Dabei handelt es sich gerade beim Erbrecht um ein Gebiet, mit dem der juristische Laie schlecht vertraut ist, bei dem aber Informationsmangel zu teuren Fehlentscheidungen führen kann.
Von den Regelungen des Erbrechts ist jeder betroffen: sei es als Erbe oder zur Regelung des eigenen Nachlasses.

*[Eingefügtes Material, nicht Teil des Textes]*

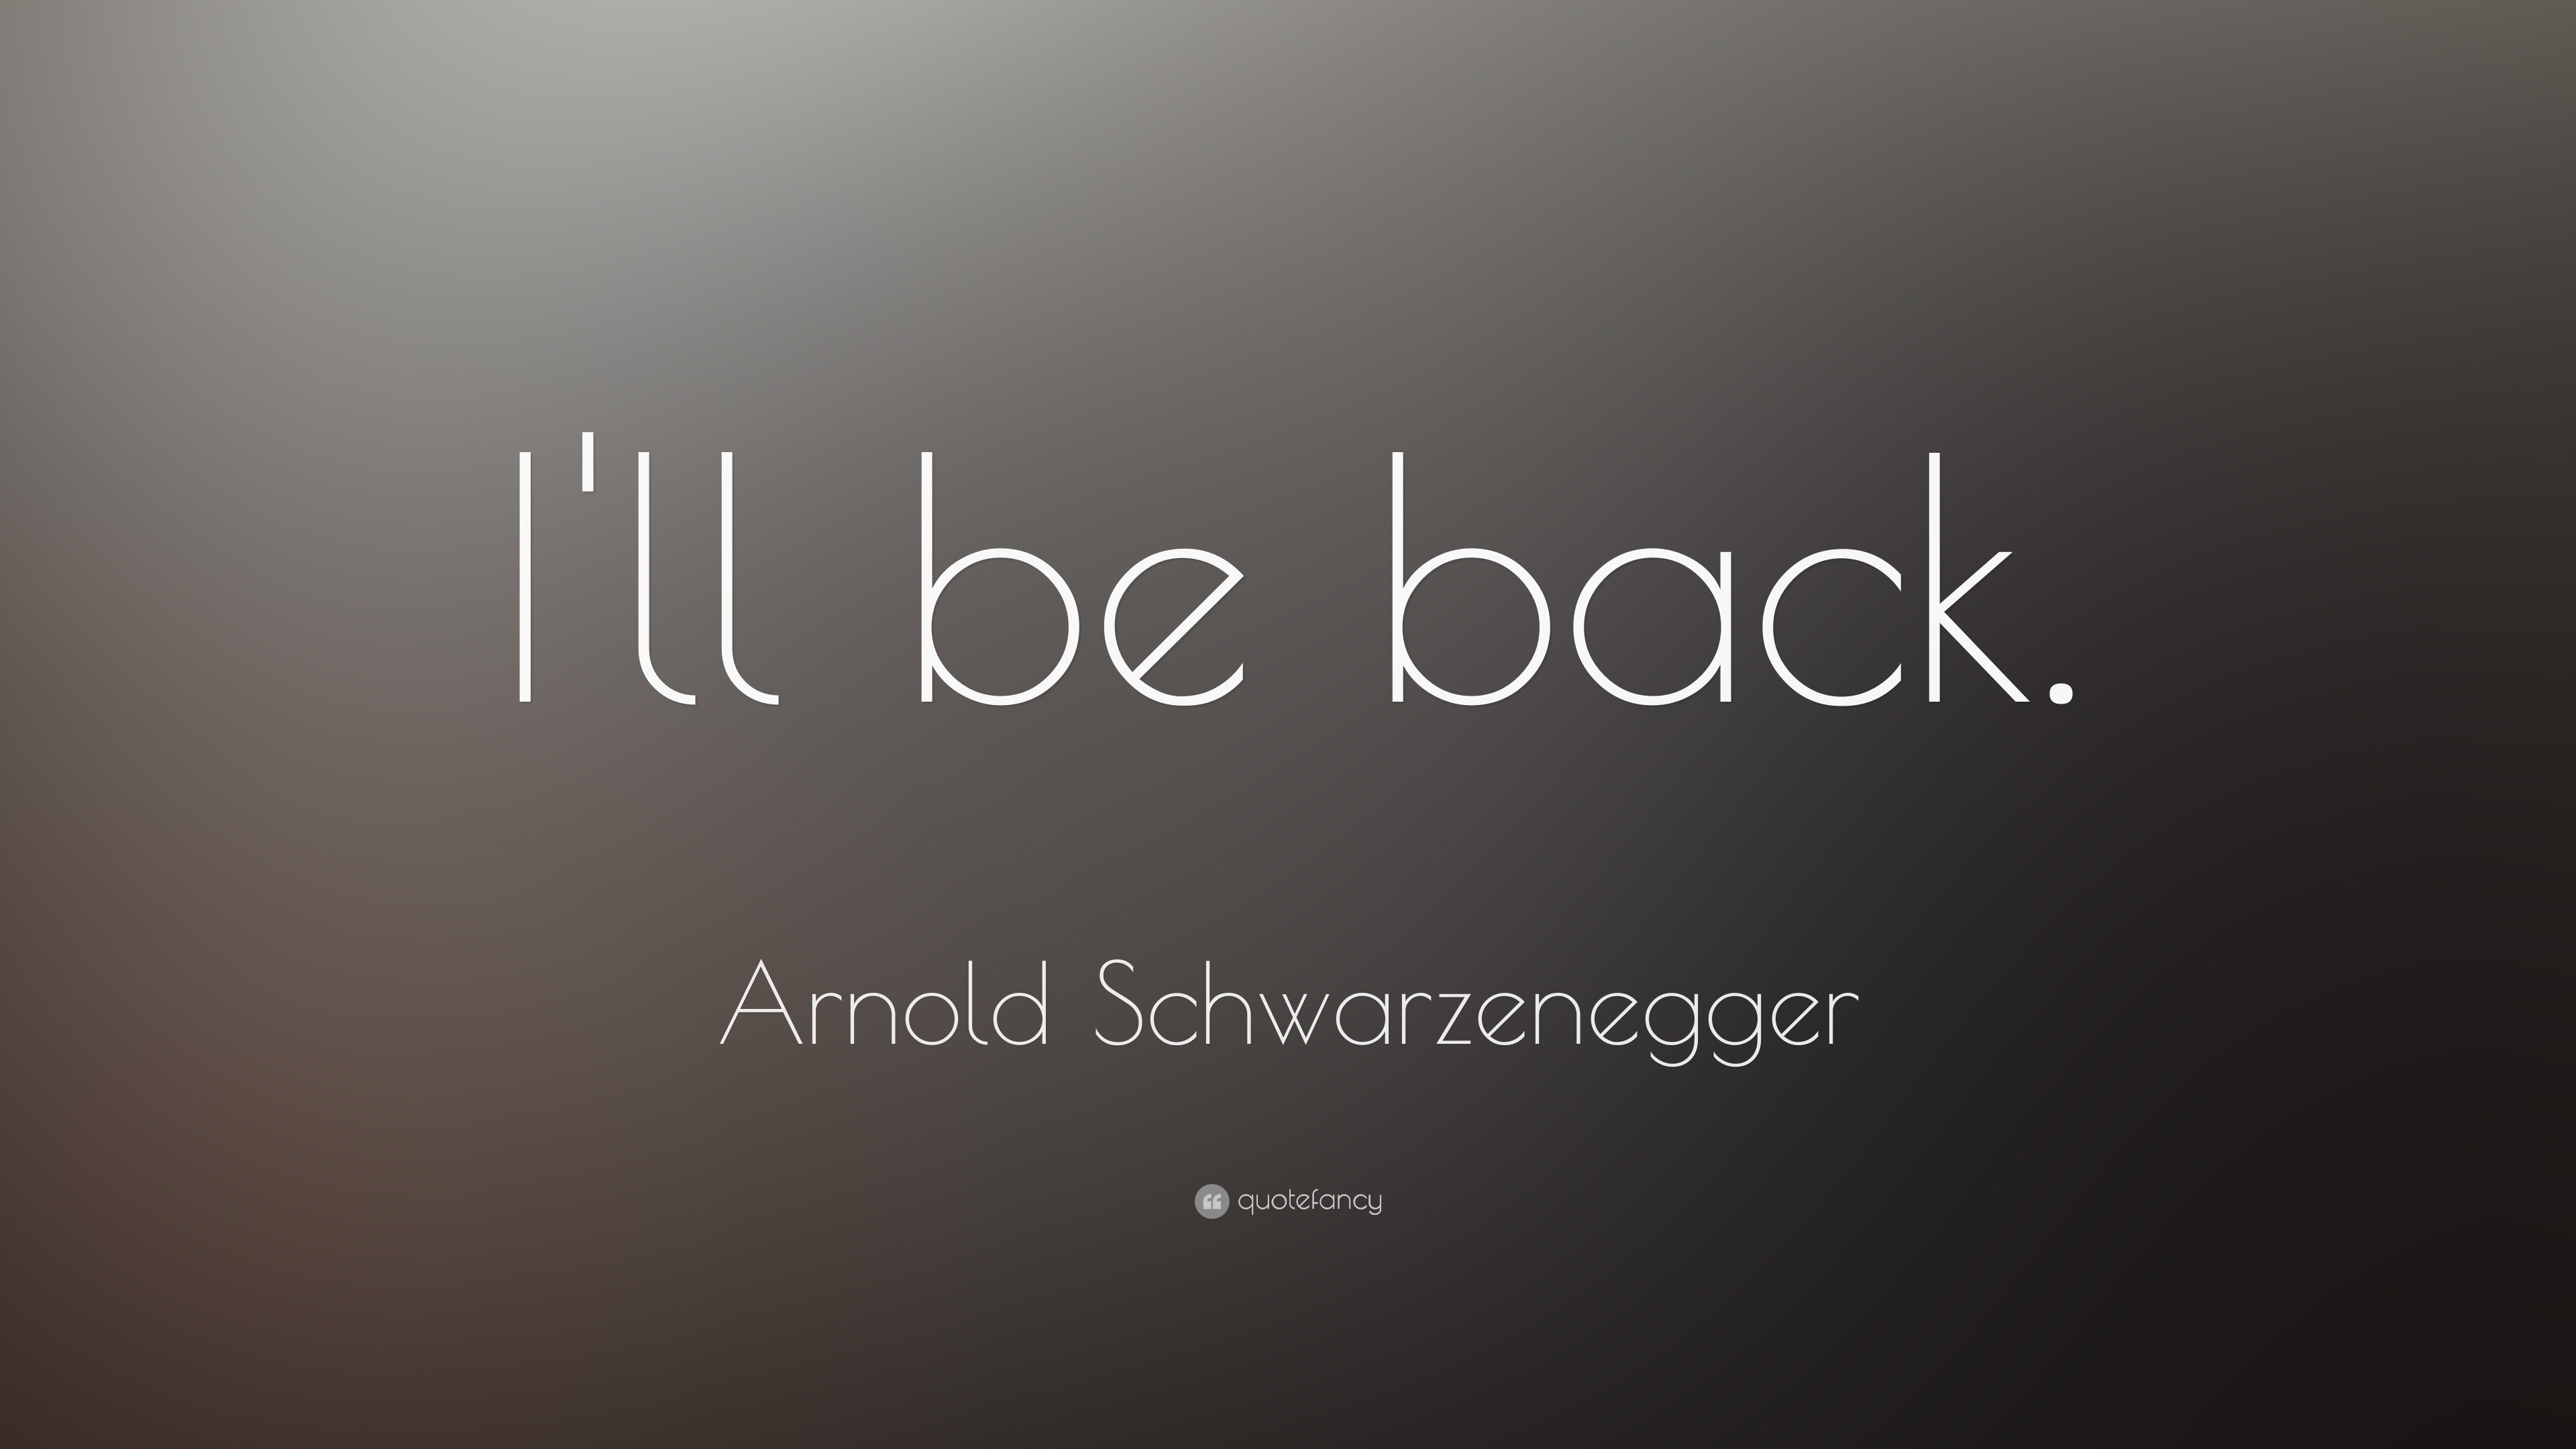 Arnold Schwarzenegger Quote: “I'll be back.”

Das Erbrecht, das zu den kompliziertesten und umfangreichsten Regelungen des bürgerlichen Gesetzbuches zählt, enthält dazu eine Vielzahl von Begriffen, von denen beispielsweise nur die Begriffe Testament und gesetzliche Erbfolge, Pflichtteil und Vermächtnis, Erbvertrag und Ehegattentestament sowie die Erbschaftssteuer genannt werden sollen.

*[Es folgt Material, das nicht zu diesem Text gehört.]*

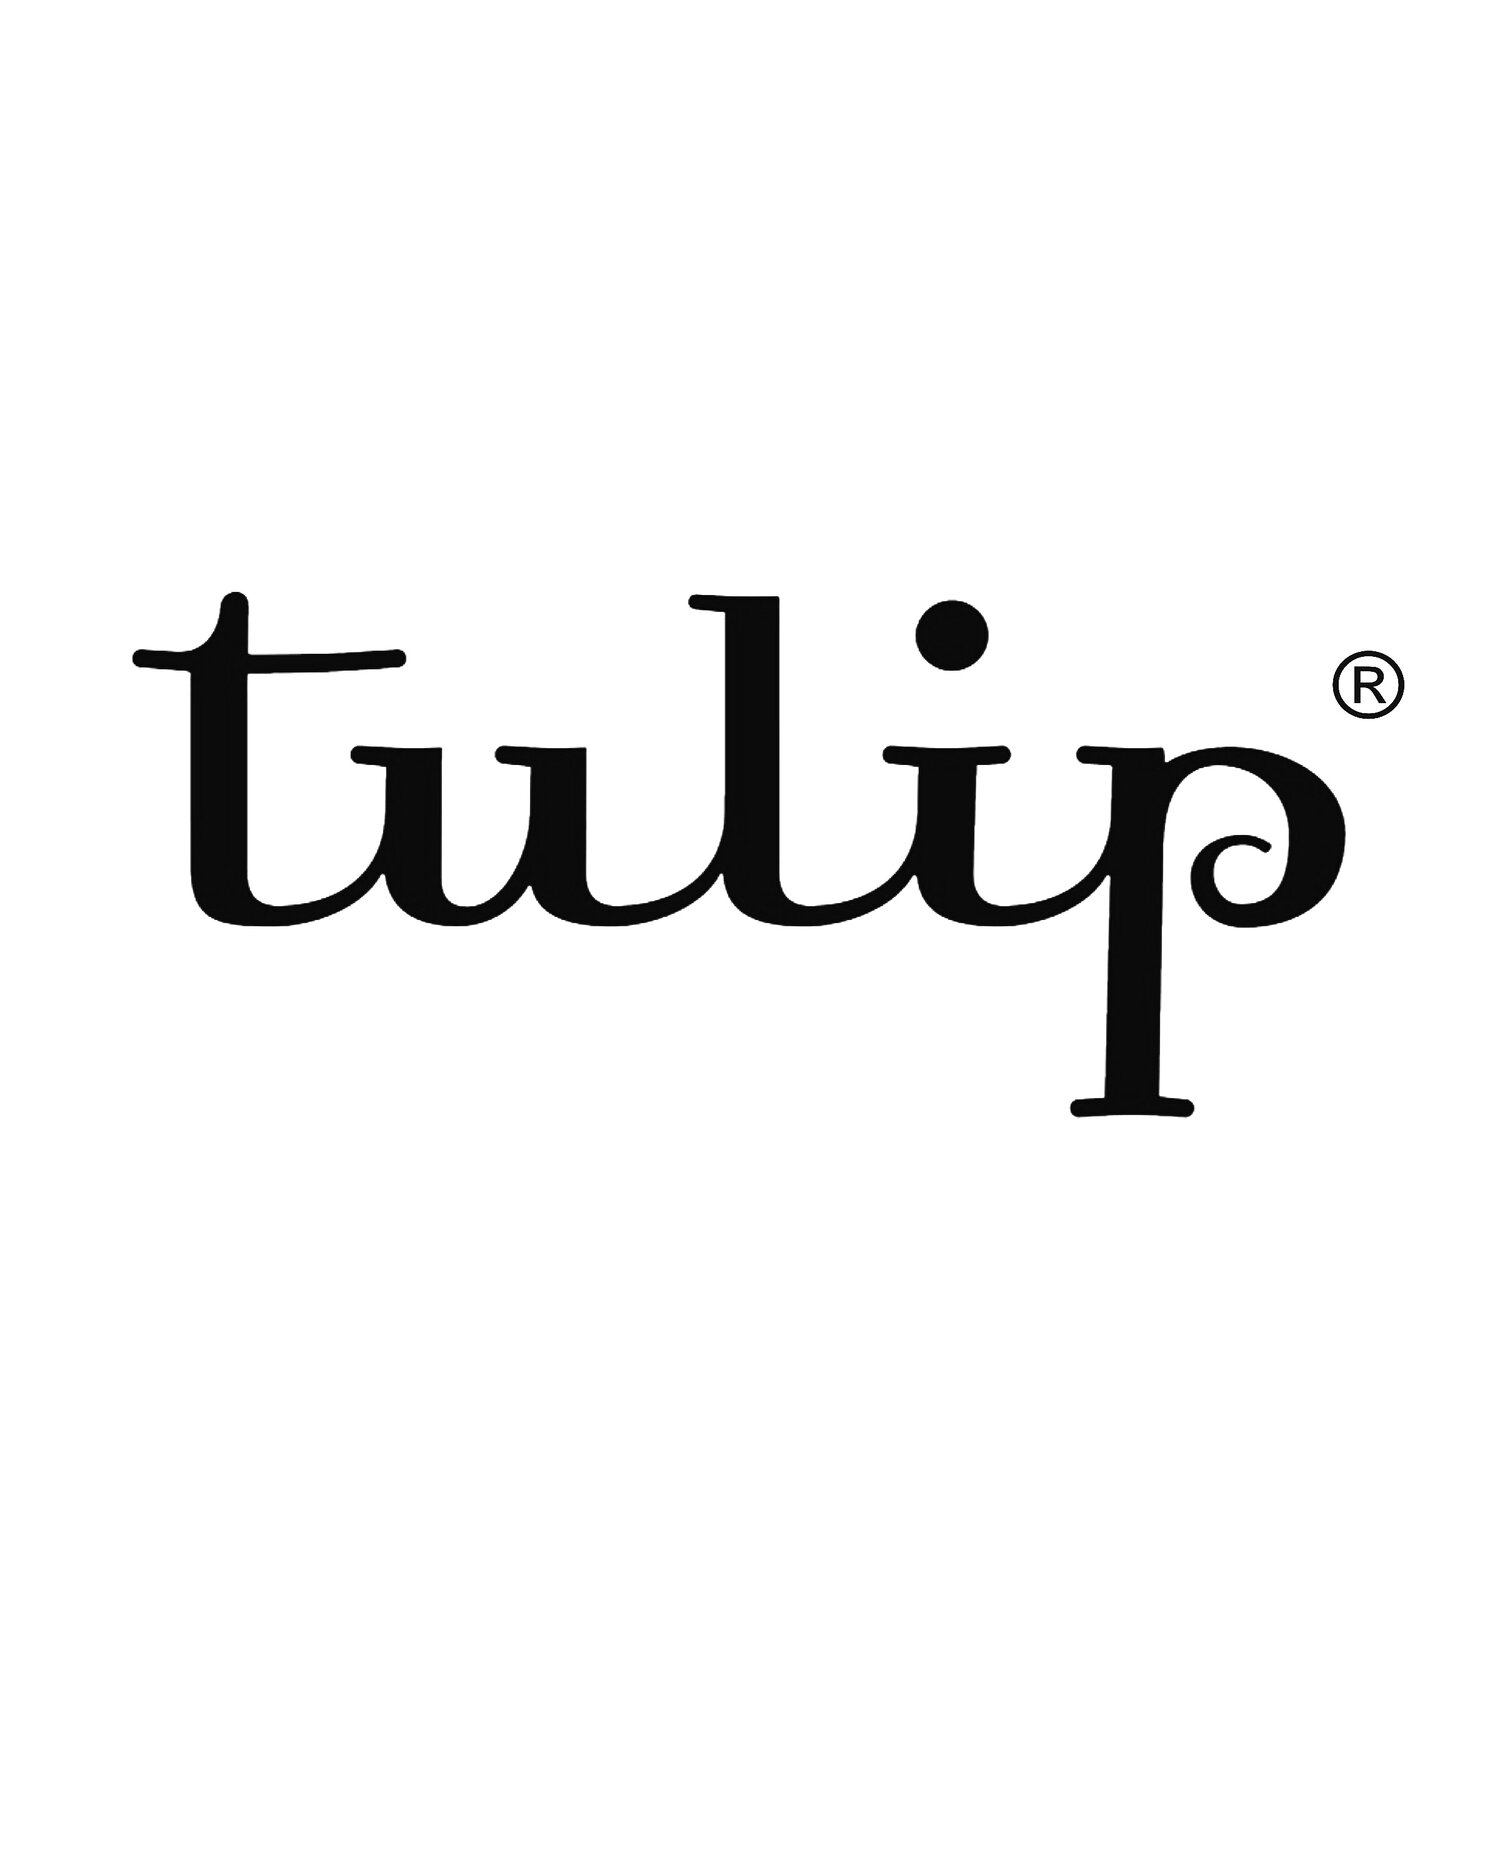 Tulip Perfume

Erbitterte Erbschaftsstreitigkeiten im Familienkreis sind die Folgen unklarer Erbschaftsregelungen.
Damit Sie sich als juristischer Laie nicht in der Vielzahl der gesetzlichen Regelungen verfangen, stehen Ihnen unsere Rechtsanwälte für eine erste telefonische Beratung oder eine ausführliche schriftliche Stellungnahme über unsere E-mailberatung gerne zur Verfügung. Dabei ist jedes Problem individuell. Viele Fragen zu diesem Thema lassen sich von einem in diesem Fachbereich erfahrenen Rechtsanwalt innerhalb weniger Minuten sofort beraten.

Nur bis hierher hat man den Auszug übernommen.